Coverage: Indo-US Nuclear Tango
State Department Spokesman Sean McCormack on Tuesday said the United States believed that the deal is in the interests of global non-proliferation efforts and something that is worthy of NSG support.
"We are going to continue to work within the group and work with individual states to try to move it forward," he told the daily press briefing.
"We are not giving up the ship at all. It's a very tight series of deadlines that were out there, in terms of working this through the international system, working it through our Congress," McCormack said.
He said that the United States will be represented by Undersecretary for Political Affairs Bill Burns and acting Under Secretary John Rood at the NSG meeting in Vienna on September 4 and 5.
The spokesman said that the US will continue to move the case forward and is in touch with other members of the Nuclear Suppliers Group.
"We believe that this is an issue in which the NSG should act and should move forward," McCormack said.

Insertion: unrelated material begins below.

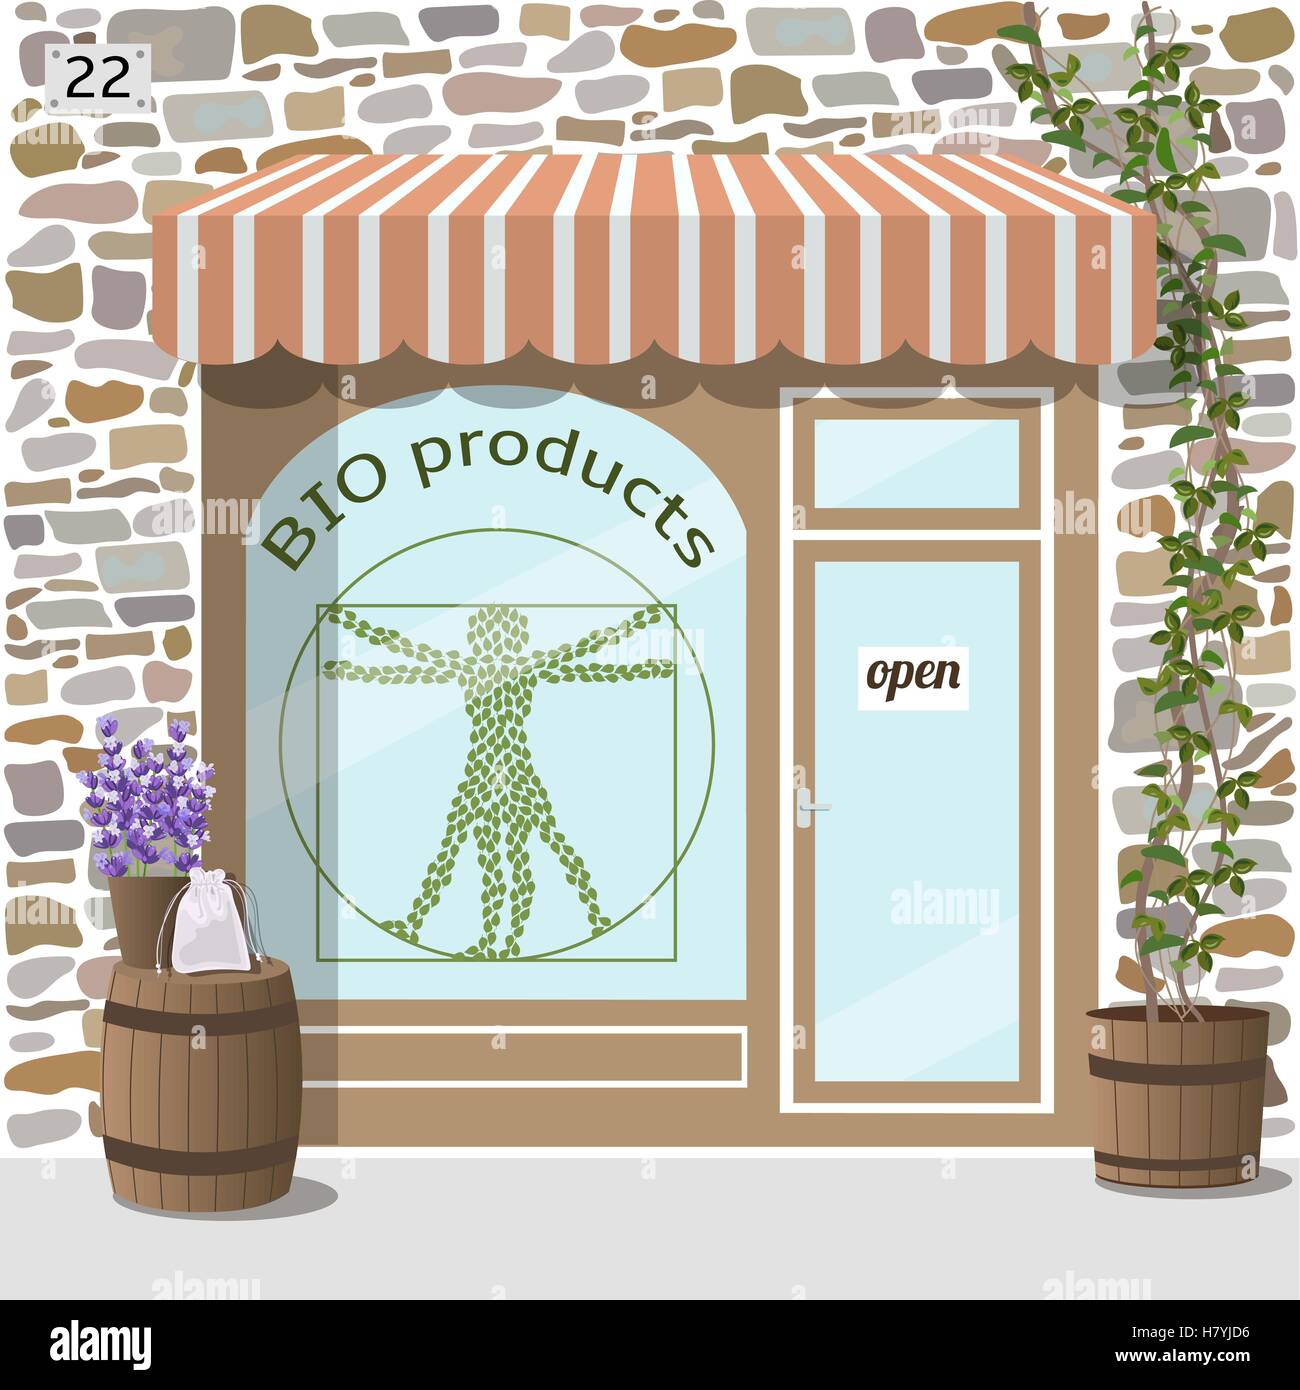 Bio products shop. Organic products store. Stock Vector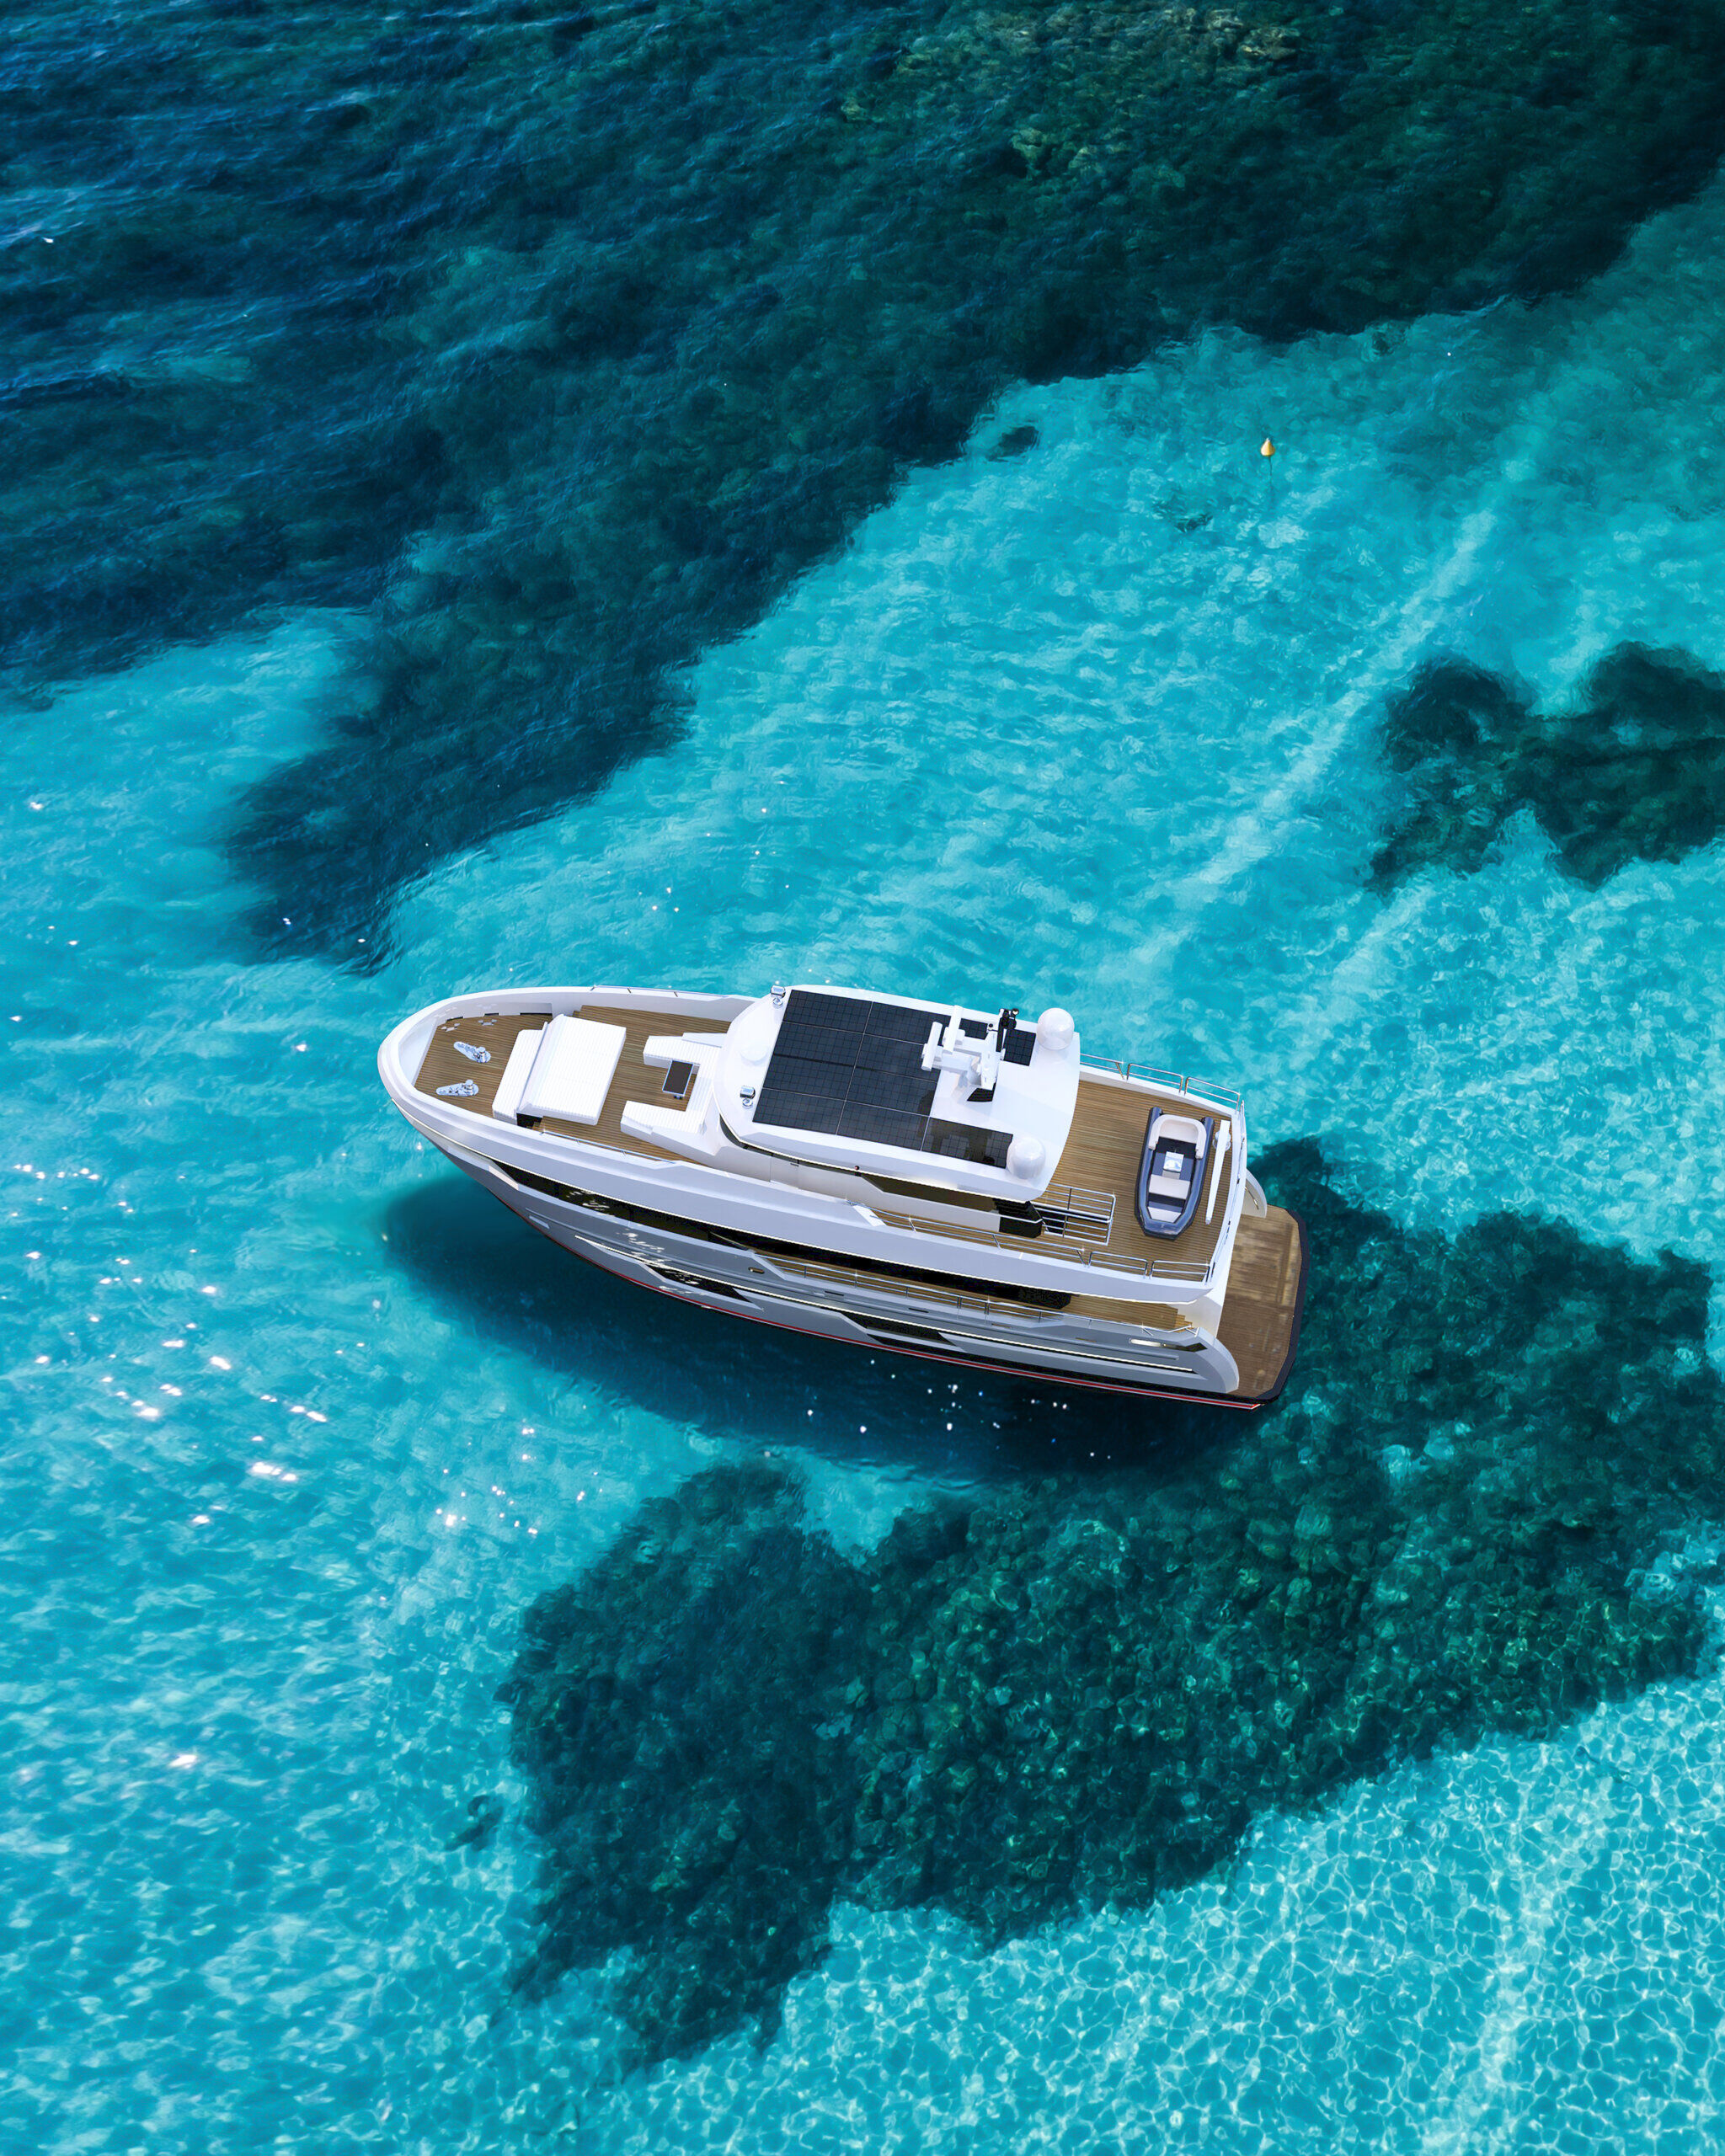 From Antalya to Cyprus in January | Bering 78 Shallow Draft Explorer

"But, again, there's a lot of hard diplomacy that goes -- goes into that in getting a consensus within the group," the senior State Department official said.
When asked whether a 'rump' session of the US Congress will be convened to push the Indo-US nuclear deal, McCormack said: "All I can say is we are going to keep pushing forward on it."
He admitted that some member countries of the 45-nation grouping have expressed concerns about the deal and 'we have talked to a lot of those various states'.
"I am not going to name them, but we have talked to a lot of them. They have announced themselves publicly. You can look it up and what their concerns are," McCormack said.
"We have made the assessment that this is in our interests, it is in the interests of India to develop civilian nuclear energy, while providing some assurances regarding non-proliferation activities," McCormack said.